→ Source material:
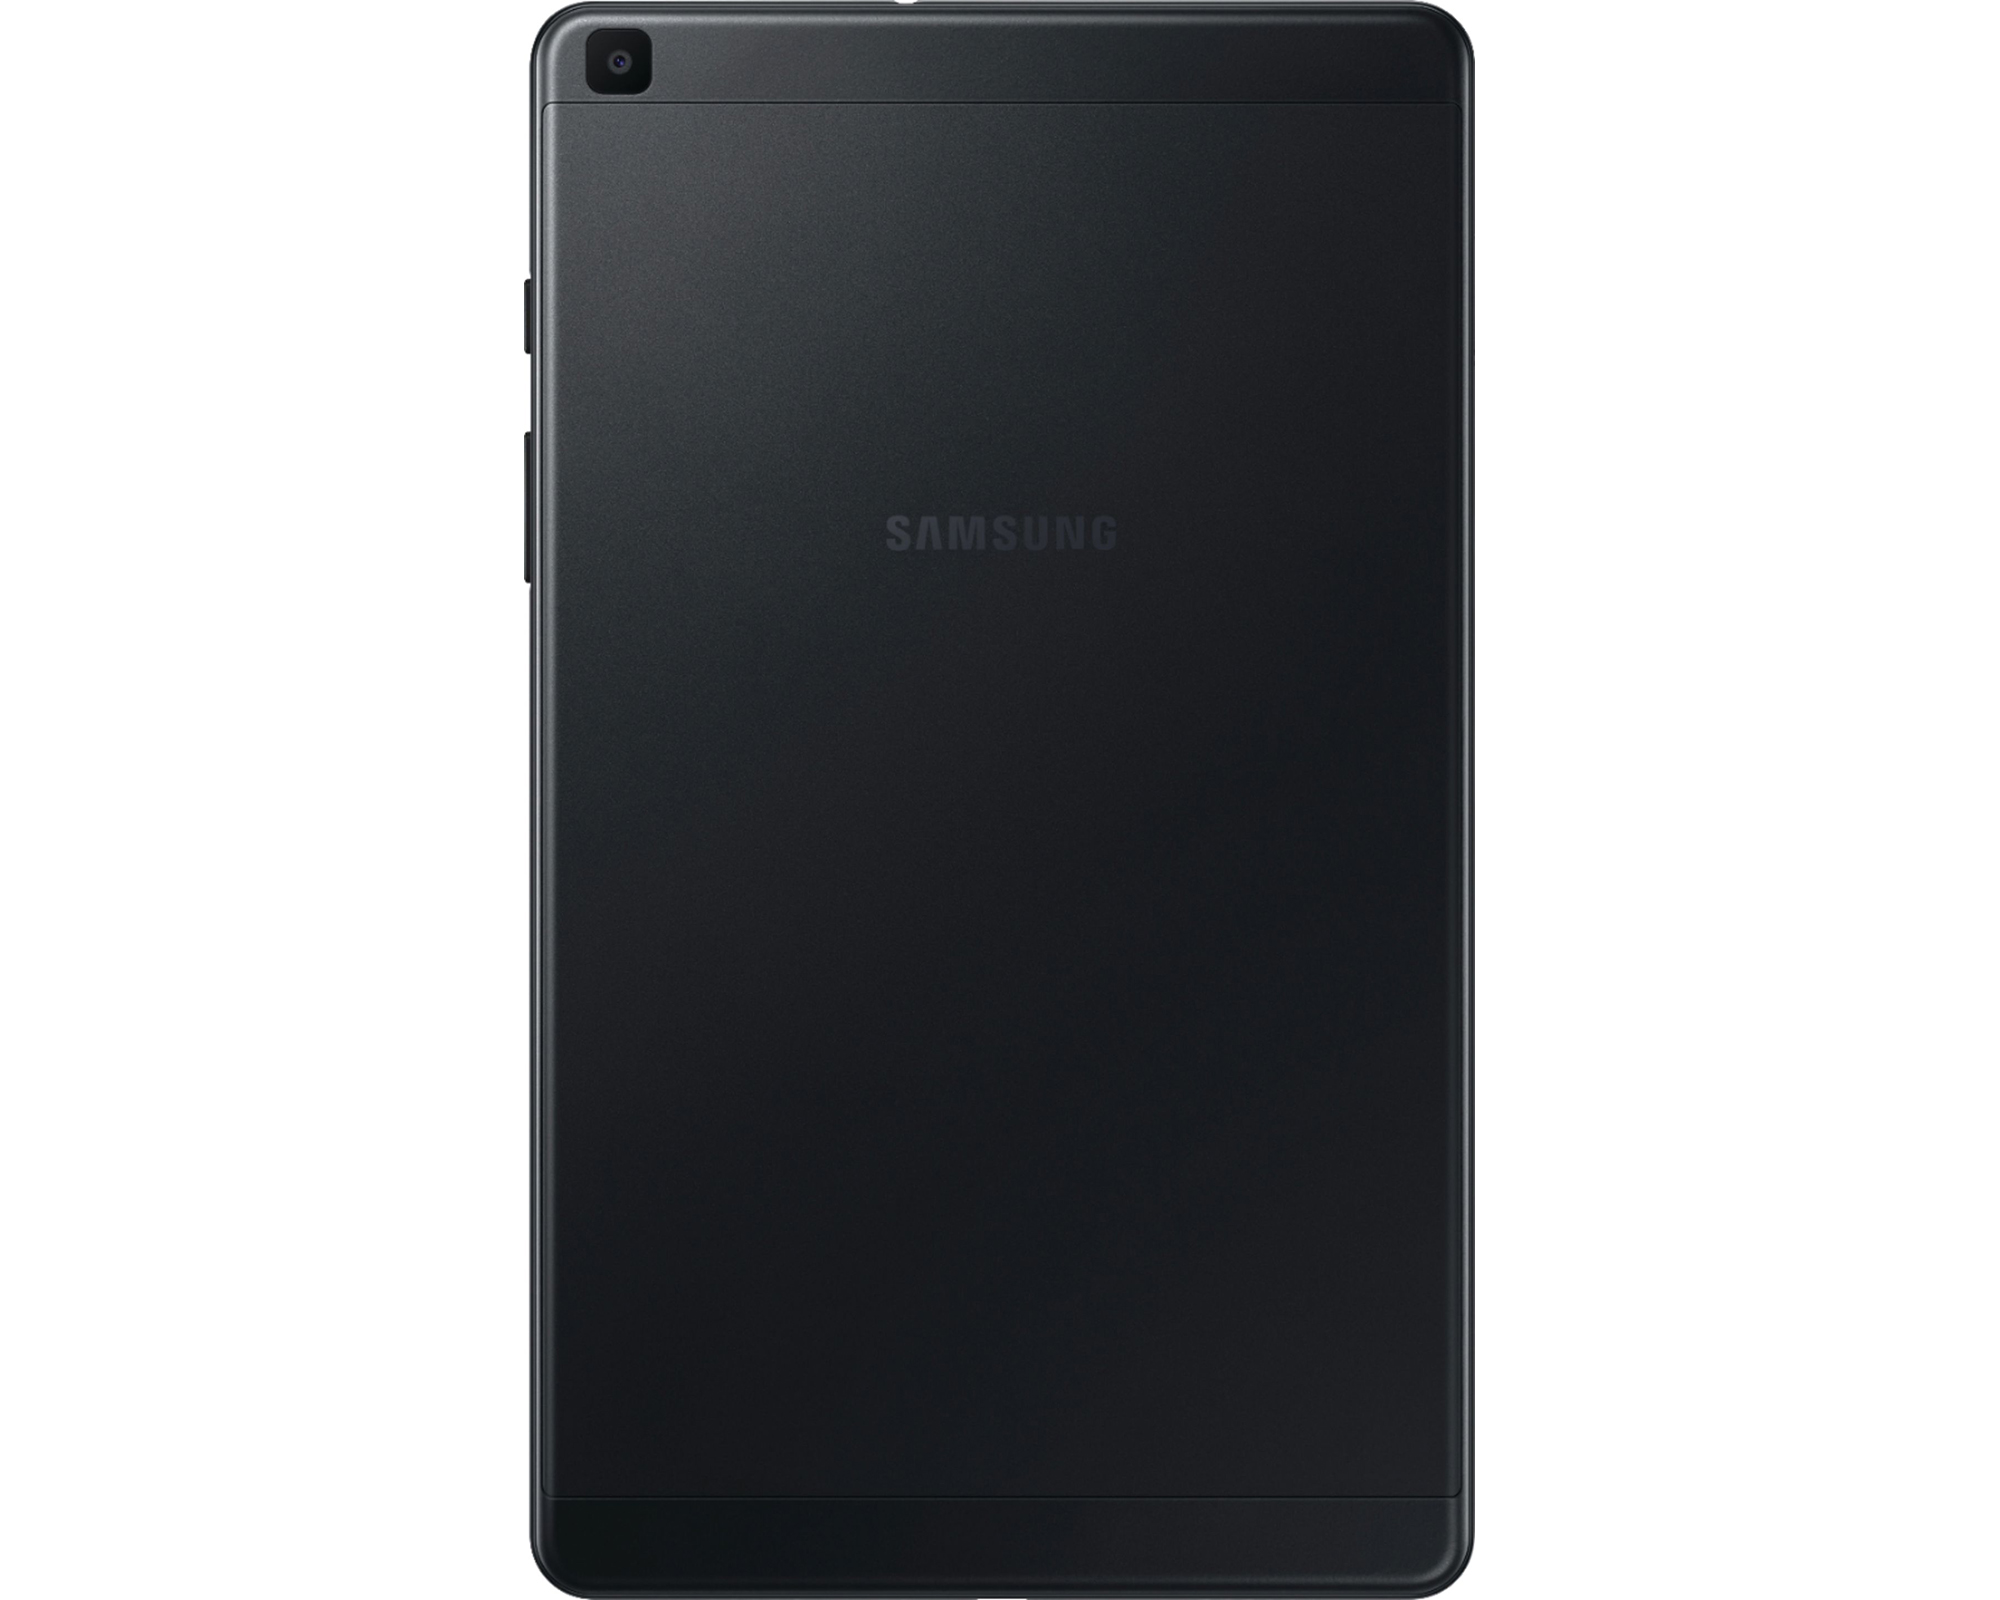 SAMSUNG Galaxy Tab A, 8.0" Tablet 32GB (Wi-Fi), Black - image 5 of 9
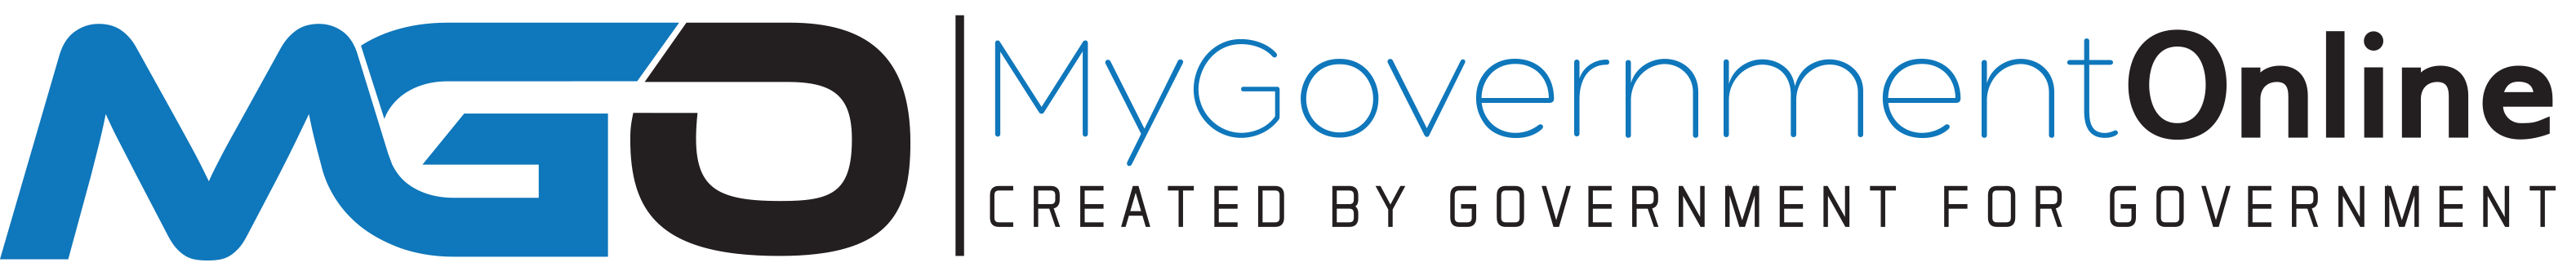 MyGovernmentOnline Logo
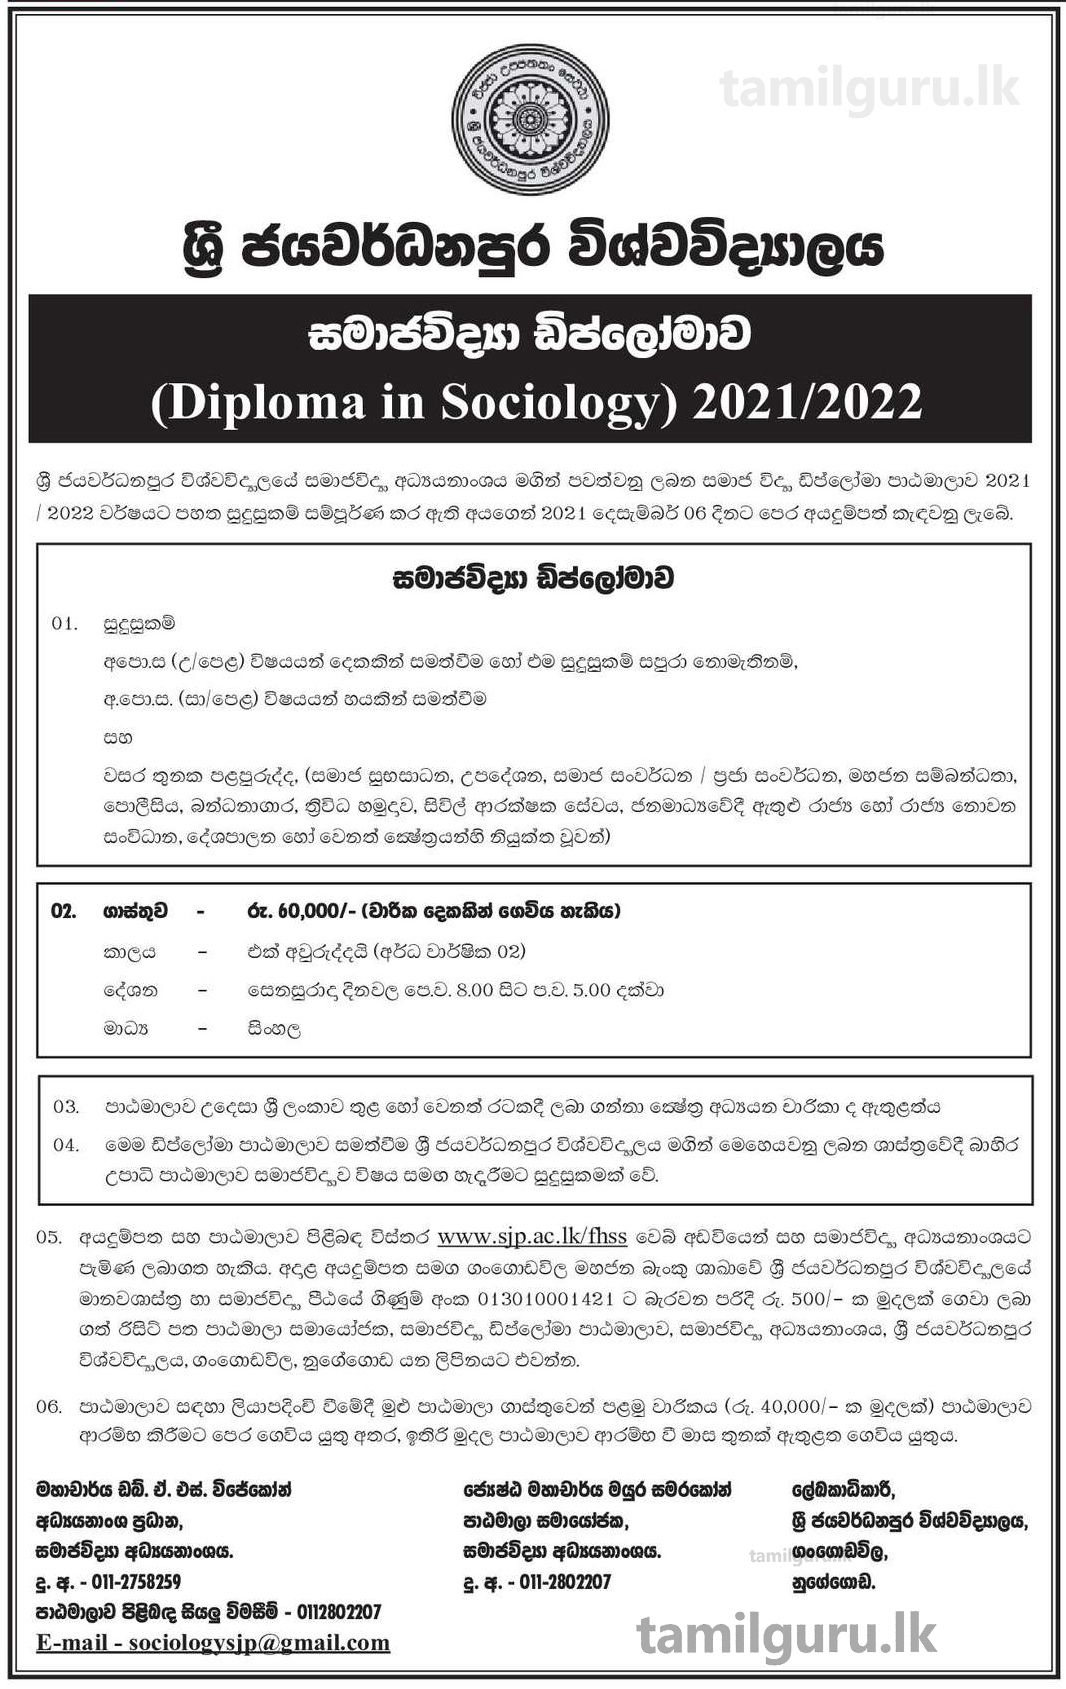 Diploma in Sociology 2021/2022 - University of Sri Jayewardenepura සමාජවිද්‍යා ඩිප්ලෝමා පාඨමාලාව - ශ්‍රී ජයවර්ධනපුර විශ්වවිද්‍යාලය

→ What the exercise asks:
Since the pictures are not part of the copy, transcribe only the remaining material, exactly.

→ Solution to this task:
 SAMSUNG Galaxy Tab A, 8.0" Tablet 32GB (Wi-Fi), Black - image 5 of 9
 MyGovernmentOnline Logo
 Diploma in Sociology 2021/2022 - University of Sri Jayewardenepura සමාජවිද්‍යා ඩිප්ලෝමා පාඨමාලාව - ශ්‍රී ජයවර්ධනපුර විශ්වවිද්‍යාලය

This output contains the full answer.